Eventually, Dad became a very successful printing salesman, and while he traveled less frequently, he spent three hours a day in brutal rush hour traffic driving back and forth from Chicago. Like my mother, Dad injected humor into what must have been a repetitive and dispiriting chore. He regaled us with his careful categorization of all the nose-pickers he had spotted; there was the digital upper-thrust, the discretely wandering thumb, the probing side-winder and the post-extraction roller. However, while he idled in traffic and fretted about sales figures, he must have also thought about my mother’s schedule. Yes, she would do the laundry and carpooling and dinner would always be waiting for him after his evening cocktail, but he also knew that Mom’s flexible schedule accommodated daily games of tennis or lunch with friends. He must have been jealous. I think both my parents were trying to deal with the gap between expectations and reality in their own way. The difference was that my father knew the working world was going to be tough, while my mother was just discovering the undiluted domestic bliss of a housewife was an empty promise.

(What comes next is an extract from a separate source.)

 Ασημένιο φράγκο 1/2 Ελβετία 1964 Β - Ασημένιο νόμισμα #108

As a teenager, I was too self-involved to consider whether my mother’s determined efforts at self-employment were a cautionary tale or whether she was a role model. She never sat me down to say “Don’t make the same mistakes I did.” How could she? How could she admit to the disappointments in her privileged life? After all, she had been blessed with a husband who was a “good provider” and six children she adored. However, despite her steady cheerfulness and determination to find intellectual satisfaction within her small confines, I think her frustrations seeped into my subconsciousness even at an early age. It is 1958 and there I am, a 6 year old in my kindergarten class picture defiantly wearing pants and suspenders.

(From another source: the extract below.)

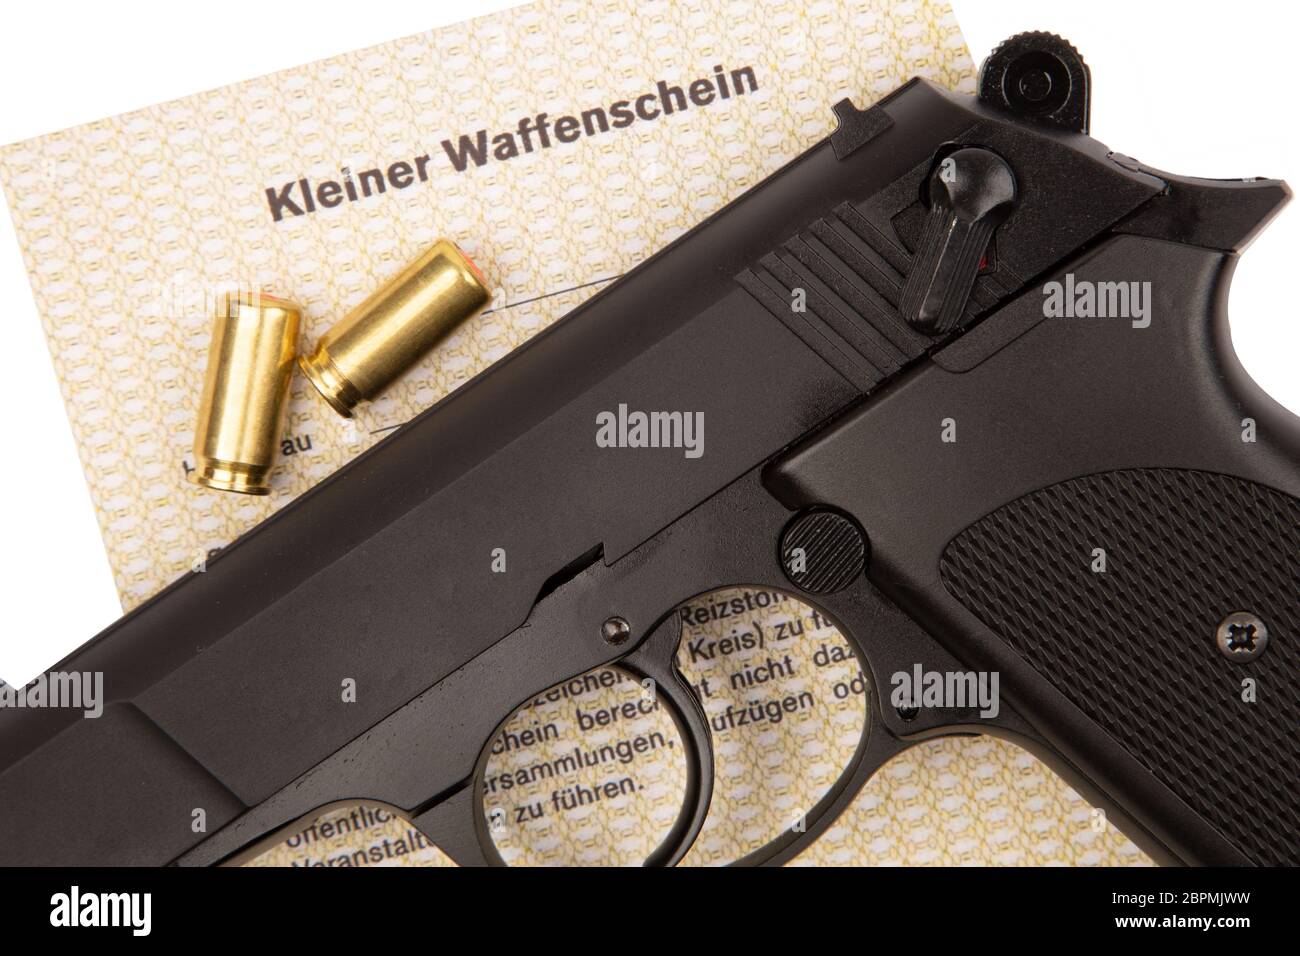 https://c8.alamy.com/compde/2bpmjww/deutsche-text-kleine-waffe-in-deutschland-ermoglicht-die-schrotflinte-und-gas-pistolen-2bpmjww.jpg

My class had been asked the provocative question, “What Would You Like to Be?”
My answer already reflected resignation to the limited options for women and the ambivalence of Occupation: Housewife.
I replied, “I guess I’ll be a mother.”
This early skepticism has served me well over the decades as I implicitly absorbed the lessons of my mother and approached motherhood warily. I wanted both a family and a wage-earning career of my own. I also thought of my father and the exquisite pressure he must have felt to be that good provider. I realized that in a dual-income marriage provided flexibility. If either my husband’s or my job was not going well, we could get by on a single salary while one of us took some time off to regroup. And with both of us working – me as a physician, my husband as a financial planer – well, now that provided the rationale to split all that dreary housework right down the middle. Oh, I think I hear my husband is puttering in the kitchen and making dinner, time for me to fold the laundry and put it away.
The missing words in the following poem are anagrams (i.e. share the same letters like spot, post, stop) and the number of asterisks indicates the number of letters. Your job is to solve the missing words based on the above rules and the context of the poem. Scroll down for answers.
1940s college women might have ******* to a career and a Room of Their Own
But the feminine mystique suggested that these desires were overblown.
Society ******* the housewife’s life as the paragon of undiluted domestic bliss.
With a husband, children, and a suburban home, a woman should find nothing amiss.
To be unhappy amid all her material comforts, how could she possible dare?
But it was this very guilt that contributed to her existential *******.
You see, all those *******, laundry and mindless chores came at quite a cost
A woman’s intellectual energy slowly dissipated and then was totally lost.